The chiaroscuro lighting, so directly linked with the genre of film noir, is flawless creating beautiful shades of light and dark. I always find noir visually pleasing although the plots often feel quite contrived and convoluted to me.

As with all film noir there is a central theme of corruption and deceit. “The Big Sleep is a reference to death and indeed death pervades the movie.” (Joshua Klein, 216, 1001 Movies You Must See Before You Die) The murders are numerous and stack up quickly, generally immediately after providing some piece of information. As do the plots with various parties conspiring in blackmail schemes. It all seems a bit too much for me personally – there is too much going on which just adds to my whole ‘noir is convoluted’ theory.

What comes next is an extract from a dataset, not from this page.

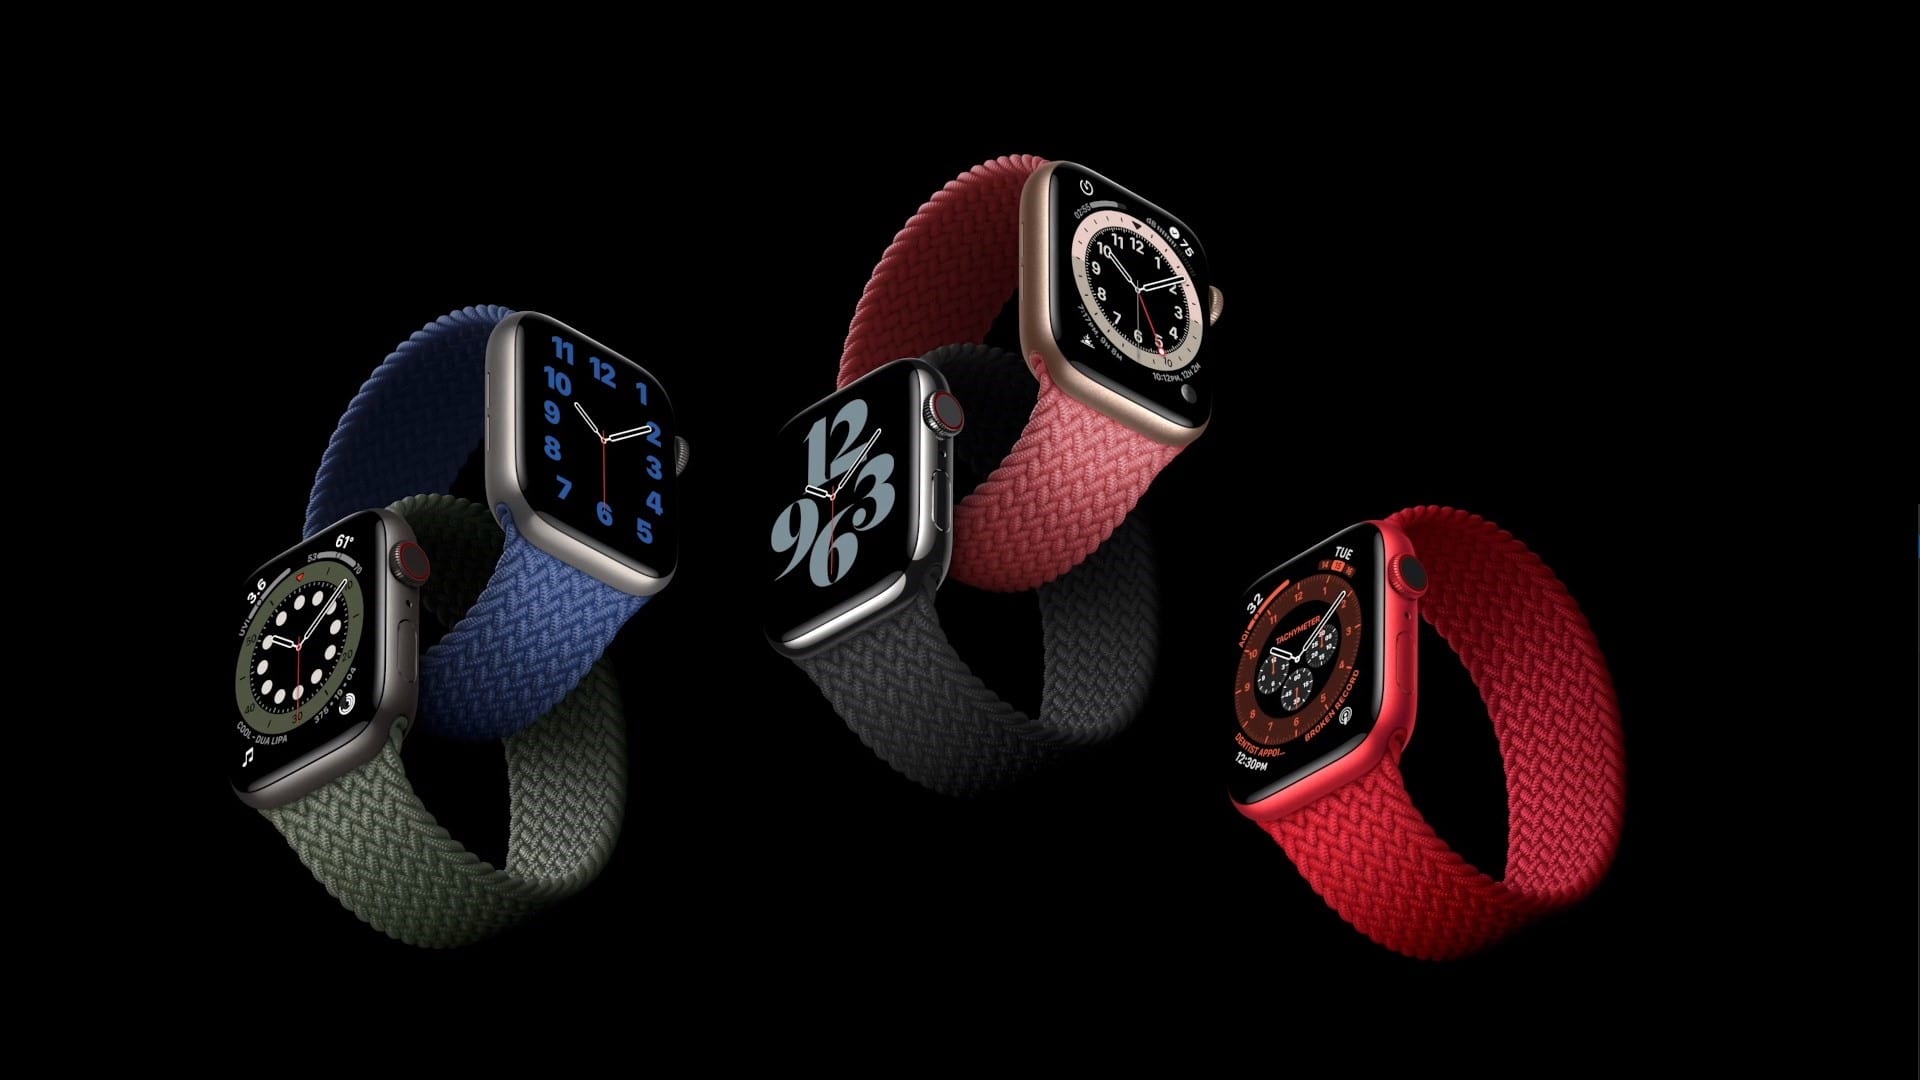 Novo Apple Watch Series 6 mede nível de oxigênio no sangue 1

Humphrey Bogart’s Marlowe never loses his cool – he is always in control of every situation in this increasingly complicated story. He is the epitome of a private ‘dick’ in his sharp suit, fedora and trench coat.

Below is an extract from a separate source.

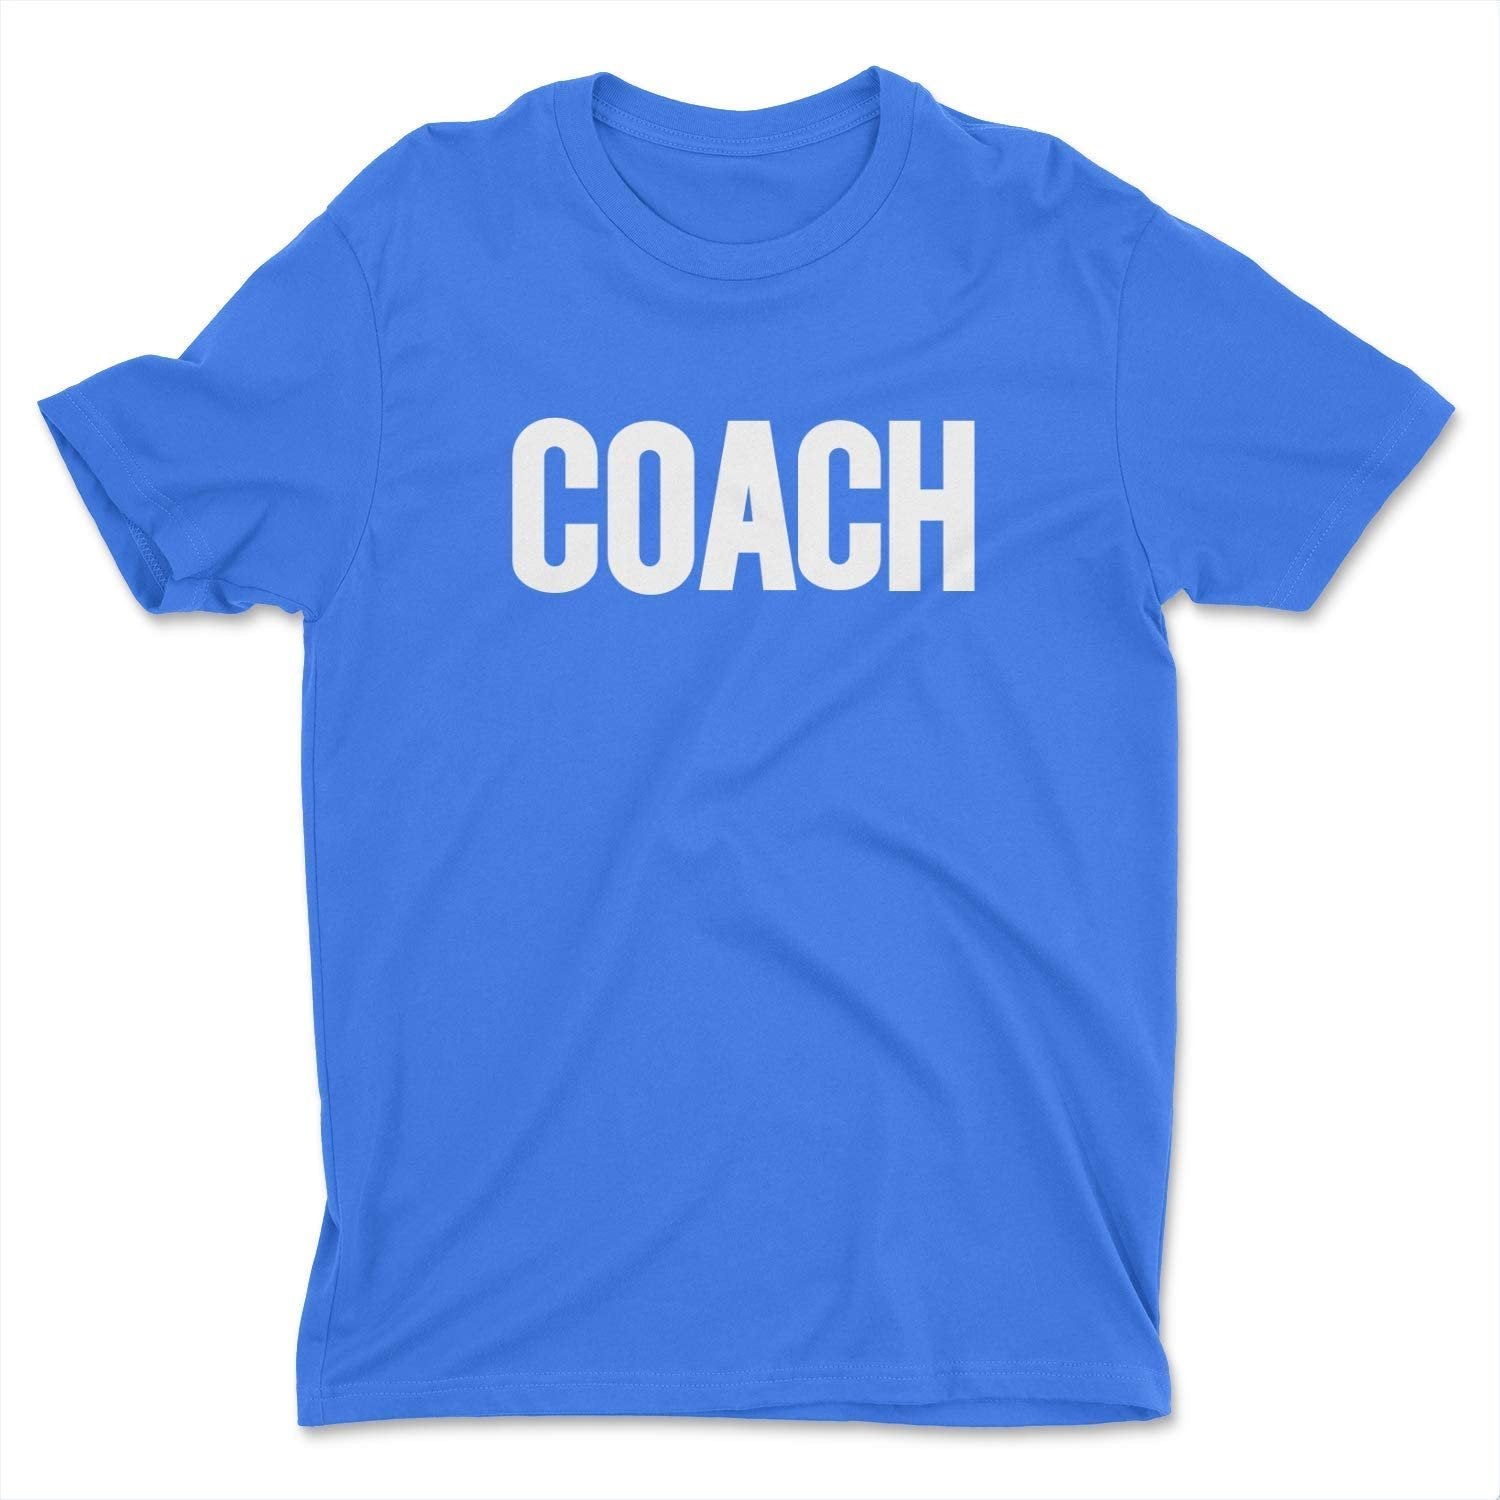 T-shirt Coach pour hommes (conception solide, bleu royal et blanc)

The sexual tension between Bogart and Lauren Bacall is palpable. Indeed as Joshua Klein says “when they’re on screen together, the detective story fades to the background.” (216, 1001 Movies You Must See Before You Die). The femme fatales are always incredibly and effortlessly glamorous and self-contained. The lighting makes them almost glow – something that never happens with the male characters. And this is no except for Bacall’s Mrs Rutledge. Despite being strong female roles the very nature of being a femme fatale means a happy ending is rarely, if ever, guaranteed.

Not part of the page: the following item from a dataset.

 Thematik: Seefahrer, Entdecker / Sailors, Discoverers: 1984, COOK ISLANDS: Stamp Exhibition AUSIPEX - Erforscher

Klein states that “Hawks exploited the sexual tension, adding extra scenes with the two actors and stressing the innuendo-laced dialogue, particularly racy (especially an exchange about horses and saddles) in light of the era’s Production Code.” (216, 1001 Movies You Must See Before You Die) I think this ‘innuendo-laced dialogue’ gives The Big Sleep a surprisingly modern feel.

I like that Marlowe has almost a nervous tic (despite the fact he never appears to be nervous) where he rubs the lobe of his ear, it adds to his personality. In some ways it almost mirrors Carmen’s habit of unconsciously biting her thumb. The mysterious Shawn Regan is never seen but often mentioned and appears to be central to the plot, at least in Marlowe’s mind.

While there are elements of The Big Sleep that I enjoyed, particularly Bogart’s performance and the lighting, ultimately I was left both bored and confused by the film. And I found the ending somewhat lack lustre.